Paired with a matching green t-shirt, it turned out darling! And, she loves it!
Of course, we could not leave her 12-year-old sister out, so I made a skirt for her. Again paired with a matching green T-shirt, it was a real hit!
“For God hath not given us the spirit of fear; but of power, and of love, and of a sound mind.” II Timothy 1:7
Now that the holidays are behind me, hopefully I can get caught up on my postings!
Being the person I am, I of course make the majority of my gifts, especially for the grandkids. One of those projects was a smocked dress for my 8-year-old granddaughter. I found a darling print with deep reds (almost burgundy), greens and blues over a light beige background. I found a beige solid (with just a hint of green) perfect for the smocking. I modified a simple to-the-waist, gathered skirt dress pattern, incorporating the smocked inset into the bodice. The embroidery thread was matched to colors in the print and used in the geometric smocking pattern.
After pleating and smocking the bodice insert, it was steamed and blocked. I accented the collar, sleeves and bodice with burgundy piping.
A simple dress but ~ I love the final result, and best of all, so does my granddaughter!

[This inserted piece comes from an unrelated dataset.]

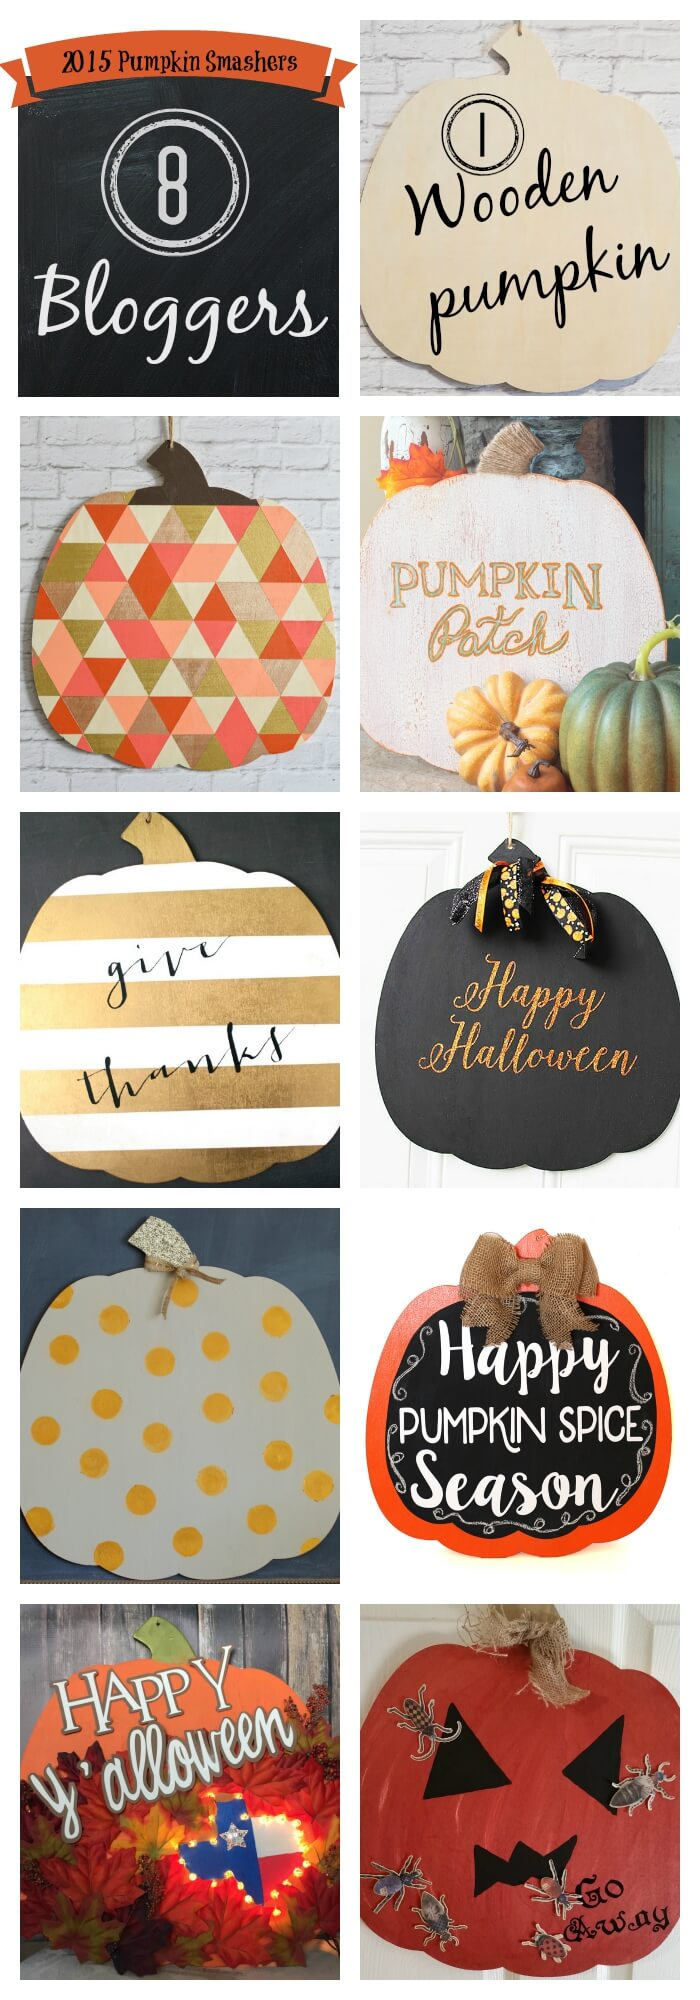 2015 Pumpkin Smashers

“Now then we are ambassadors for Christ, as though God did beseech you by us: we pray you in Christ’s stead, be ye reconciled to God.” II Corinthians 5: 20
Three of my 7 grandkids are 7 years old and entering 2nd grade this year, two granddaughters and one grandson! I decided to make back-to-school outfits for them. For the grandson, I wanted a button-down shirt, one for warm weather and one for cooler days. I found a nice homespun cotton fabric for the long-sleeve shirt but nothing really “spoke” to me for the short-sleeve shirt.
I went to the local thrift shop and looked at the XL men’s shirts. I found a couple with suitable plaids and got them for under $5 each. Long-sleeved is best – more fabric!

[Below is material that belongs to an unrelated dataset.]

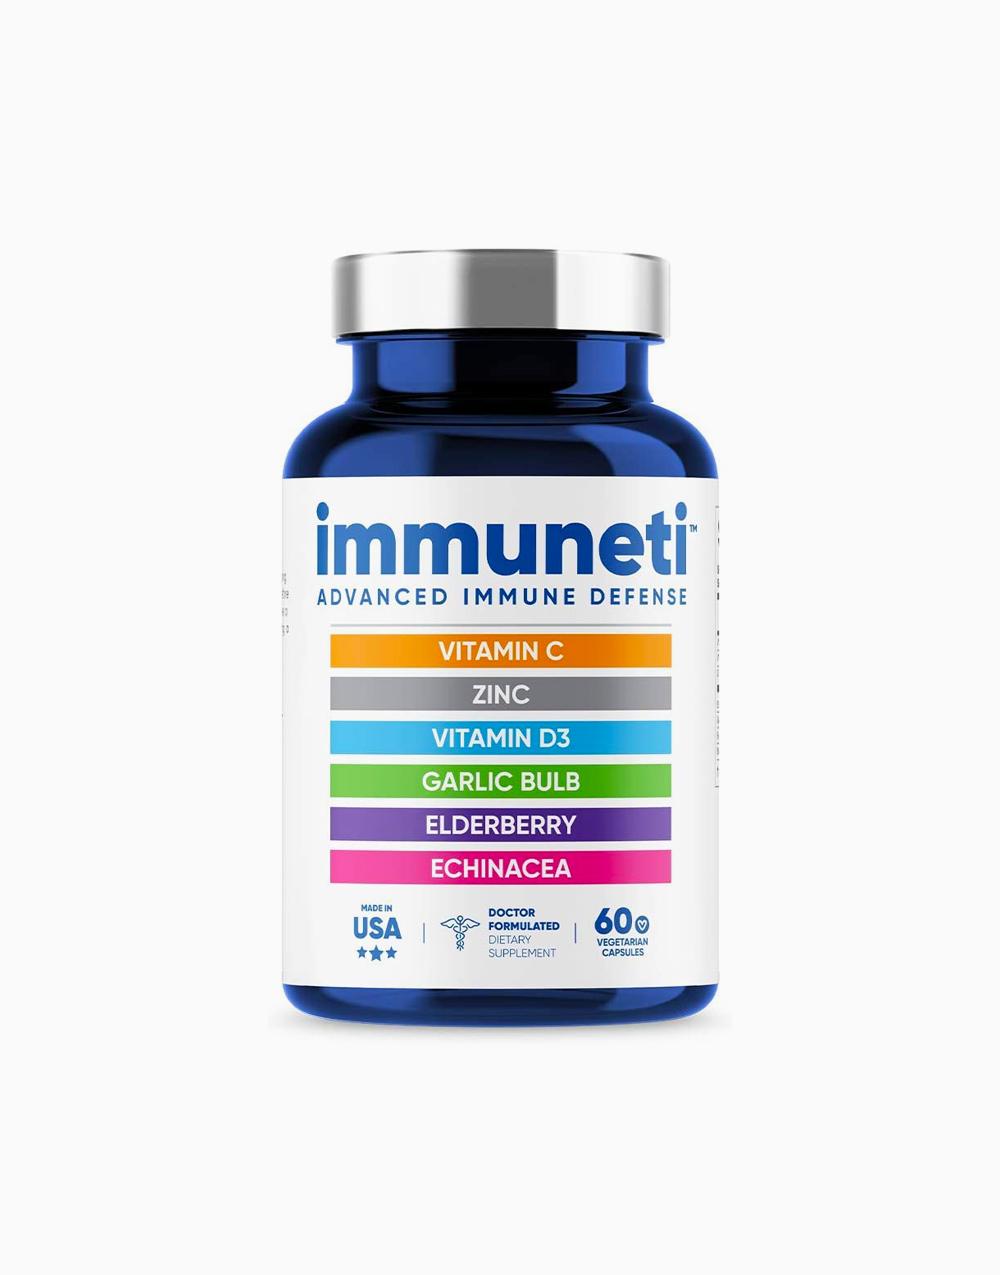 Immuneti Advanced 6-in-1 Immune Defense with Vitamin C, Zinc, Vitamin D3, Garlic Bulb, Elderberry, Echinacea 60 Vegetarian Capsules by Immuneti

When using a ready-made shirt as a fabric source, you have a couple advantages but also need to be aware of a couple adjustments. As the hem and front placket are already done for you, you can skip the front facing and hemming options. If matching a curved hem, as I did, the back is cut as two pieces. Be sure to add a seam allowance in the center back (I added 1/2″) – along the fold line. With a small plaid this seam will not be visible. Be sure to reverse the pattern for the second 1/2 back piece.
Side Note: As an offshoot of my heirloom sewing, where all seams are finished in some fashion, I try to enclose ALL seams of my projects. Especially on children clothes. I believe this is a modified French seam as it is done on the inside. I trim one seam allowance down to a scant 1/4″. I then turn the other seam allowance over and under, enclosing the raw edge. This is then top-stitched. FYI This is the long-sleeved shirt I made with the homespun cotton.
When placing the front pattern piece, slide the pattern out the width of the seam allowance along the center front edge. Since the front placket is done already, you won’t be stitching that seam. There are also no buttonholes to make or buttons to sew on!
Cut both sleeves off at the armhole seam and lay wrong sides together.
Once the pieces are cut out, this is all that remains of the original shirt! The larger pieces went into my scrap box. I also cut off the remaining buttons for my ‘button box’.
The last adjustment is to make sure the collar goes ALL the way to the edge of the front placket. Without a front facing, you need to make sure the collar seam is covered. Either select a pattern with this feature or adjust the collar to fit.
Not bad for around $5 and a few hours of sewing!
“Fear thou not; for I am with thee: be not dismayed; for I am thy God: I will strengthen thee; yea, I will help thee; yea, I will uphold thee with the right hand of my righteousness.” Isaiah 41:10
In 2010 my son-in-law achieved the rank of Chief Petty Officer in the U.S. Navy. His group of Selectees was required to have a flag and my daughter asked me to help her make one on behalf of the selectees. This flag, actually called a GUIDON (a heraldic flag or military standard), had requirements: a certain size and specific wording. As I understand it, flags usually were made of felt or craft paper. Those who know me, know I just HAD to take it up a few notches!!! The following describes that journey!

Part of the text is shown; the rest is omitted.